Uma proposta arriscada
A questão é: essa proposta bullet hell funciona nessa perpectiva? A resposta, ao menos para mim, é mais ambígua do que parece. Temos aqui tiroteios muito divertidos e cheios de adrenalina, mas também temos alguns problemas inerentes a essa escolha, como por exemplo o fato de não podermos ver tudo que está ao redor da personagem. Apesar de apresentar uma leve indicação ao redor de Selene, um círculo que pisca a la Simon Genius, é por vezes muito difícil desviar de certos ataques à distância. Existe um motivo para a maioria dos inimigos de Doom se basearem em ataques corpo a corpo.
Falando do aspecto rogue, as rodadas aqui são chamadas de Ciclos. Cada um desses ciclos pode ser muito, mas muito longo mesmo, com pelo menos uma dezena de salas repletas de inimigos sedentos por seu sangue até chegar ao chefão da área, uma fórmula que se repete ao longo de seis biomas diferentes. Durante os ciclos, é recomendado que se explore o mapa a la Metroid, com áreas que dependem de certos upgrades fixos para serem acessadas. Essa exploração, no entanto, pode ser um pouco repetitiva quando já estamos há diversos ciclos tentando passar do mesmo bioma.
Existe um equilíbrio delicado a cada rodada de Returnal, com uma variedade de itens que podem ajudá-lo, mas com consequências diversas. É o caso dos parasitas, dos quais cada um possui um bônus e um ônus, tornando a escolha de assimilá-los no organismo de Selene sempre em uma aposta. Por exemplo, o jogador pode se encontrar indeciso entre assimilar um parasita que aumenta bastante a integridade de seu traje, mas que também aumenta consideravelmente o tempo de resfriamento de suas habilidades, custando segundos valiosos em meio ao combate desenfreado.

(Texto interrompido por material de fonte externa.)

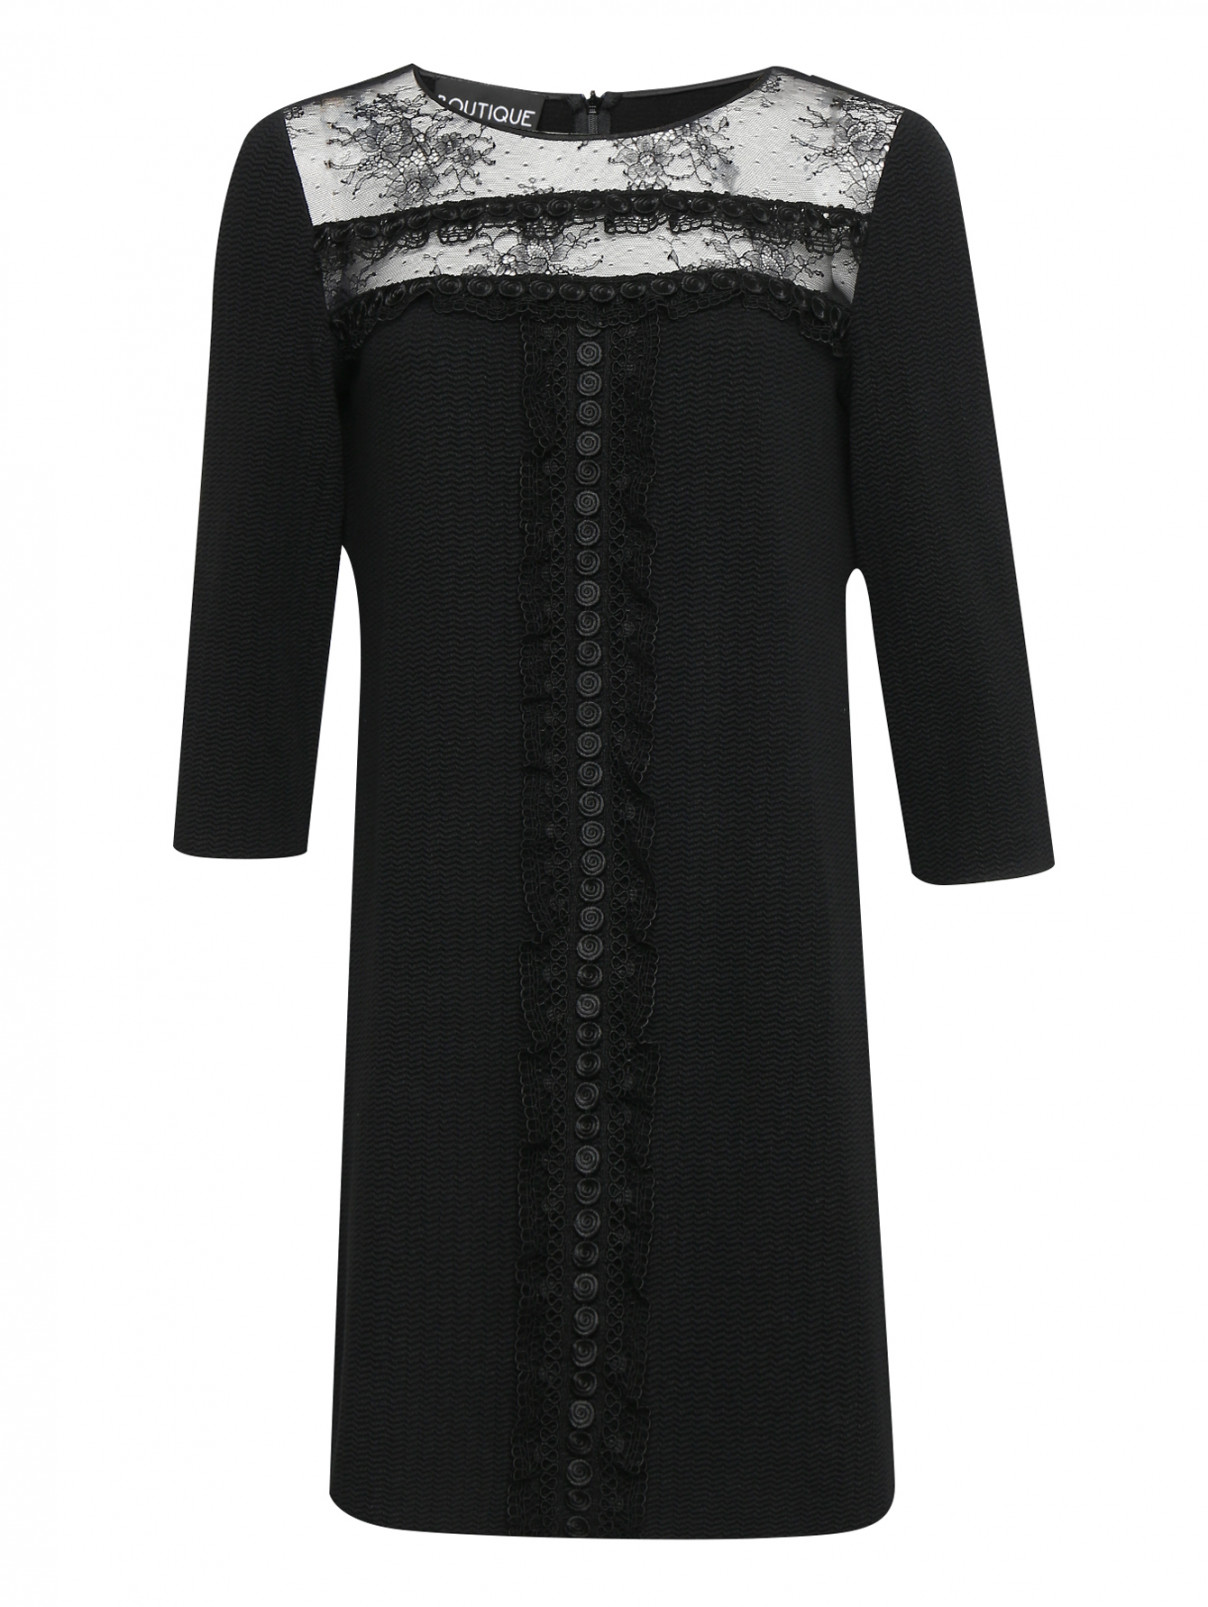 Трикотажное платье с декоративной отделкой BOUTIQUE MOSCHINO  –  Общий вид  – Цвет:  Черный

Além disso, existem itens malignos que podem ser encontrados durante cada rodada. Estes itens também seguem a mesma lógica de bônus e ônus, mas podem ser purificados caso o jogador possua a quantidade suficiente de Éter, único recurso que não desaparece do bolso do jogador ao morrer. Apesar de serem herdados de partida a partida, ainda assim é preciso tomar cuidado e decidir muito bem quando usá-lo, já que ele não aparece tão frequentemente assim. O Éter também pode ser utilizado em um pilar próximo à nave de Selene em troca de itens e artefatos sortidos.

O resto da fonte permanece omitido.